Nicholas is lying, says Rickards
by Deborah Diaz


Day of defiance: Rape accused Clint Rickards enters court, where he took the witness stand in his defence.
Photo: John Selkirk; Dominion Post


 

A defiant Assistant Commissioner Clinton Rickards says Louise Nicholas is lying about being sexually abused and that there was giggling and laughing during their two "sexual contacts".

Rickards, a father of five and Auckland's top policeman, took the witness stand yesterday to tell a High Court jury at Auckland that Mrs Nicholas was lying about being raped and abused with a police baton 20 years ago. The truth, he said, was that he and his friend Bradley Shipton once watched each other have sex with the then 18-year-old.

About a week later, she gave him oral sex and then he had sex with her flatmate.

Rickards said he would not have remembered Mrs Nicholas' name if rape allegations had not been made a decade later, and then again a decade after that.

Rickards, Shipton and another former police officer, Robert Schollum, are on trial for charges of raping and sexually abusing Mrs Nicholas in Rotorua back in 1985 and 1986.

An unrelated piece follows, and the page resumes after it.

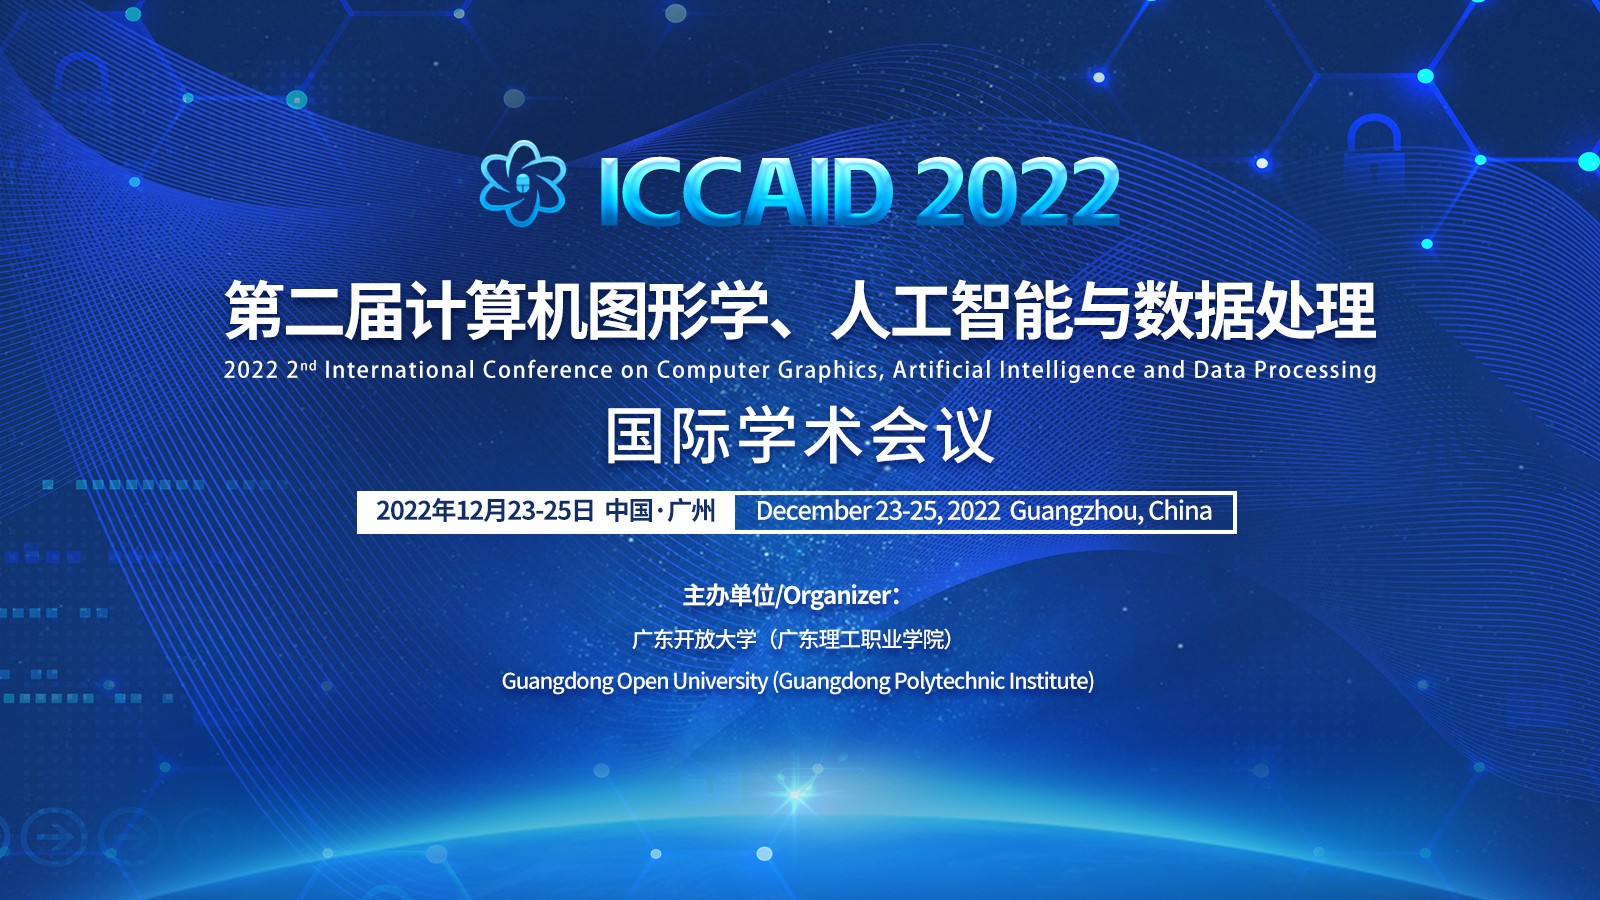 12月广州-ICCAID-2022-主视觉.jpg

She alleges that Rickards and Shipton used to drop by her Corlett St flat and force her to have sex, sometimes as a threesome, and that all three men were involved in an incident where she was taken to a house in Rutland St, forced to have group sex and indecently assaulted with a baton.

"Louise Nicholas is lying," was the phrase that Rickards, 45, used repeatedly while giving evidence on the eighth day of the trial. He told the court she had lied about rape, lied about Rutland St and lied about seeing him in uniform, as he was a plain-clothed trainee detective at the time.

Sex had occurred, but in mid-1986, later than Mrs Nicholas had claimed.

In the mid-1980s, he had been 24 years old, had a young family and a mortgage, and did not go out much.

Under questioning by his lawyer, John Haigh, QC, Rickards said Shipton had taken him to see Mrs Nicholas one evening at a house in Kusabs Rd. After some "jovial banter", she sat on his knee, kissed him, kissed his ears and rubbed his back.

They all went into a bedroom, where Shipton watched him have sex with her. He then watched while Shipton had sex with her. Everybody was happy and "giggling and laughing", Rickards said yesterday.

Seven to 10 days later, Mrs Nicholas had invited them to her Corlett St flat. She gave him oral sex, and then he had sex with her flatmate.

"The allegations made by Mrs Nicholas are lies. That's the only way I can describe it," Rickards said.

In cross-examination, prosecutor Brent Stanaway asked Rickards: "What was in it for Louise Nicholas?" during those encounters.

He replied: "I have no idea, Mr Stanaway, you'd have to ask her."

Asked what Shipton was doing while Rickards had sex with Mrs Nicholas, Rickards said he did not know.

"Oh, come on," Mr Stanaway retorted.

Mr Stanaway suggested that Rickards had been tipped off about the allegations by Shipton in 1994, before being spoken to by a senior police officer about them, and that the men had stuck to a "script" ever since.

"When you tell the truth, there's no conflict," Rickards repeatedly told the court. "I told the truth."

When Mr Stanaway put it to him that he had worn his uniform on the first day of trial in order to intimidate Mrs Nicholas, Rickards repeatedly said: "I'm proud to be a police officer and serving my community."

Under re-examination, Rickards said the officers charged over Prime Minister Helen Clark's speeding motorcade also wore their uniforms. The police had taken a hammering in the media over the past two years, he said.

"I have never been ashamed."

The trial has now been adjourned till Monday. The jury has been told Shipton will not be calling defence evidence but that Schollum will.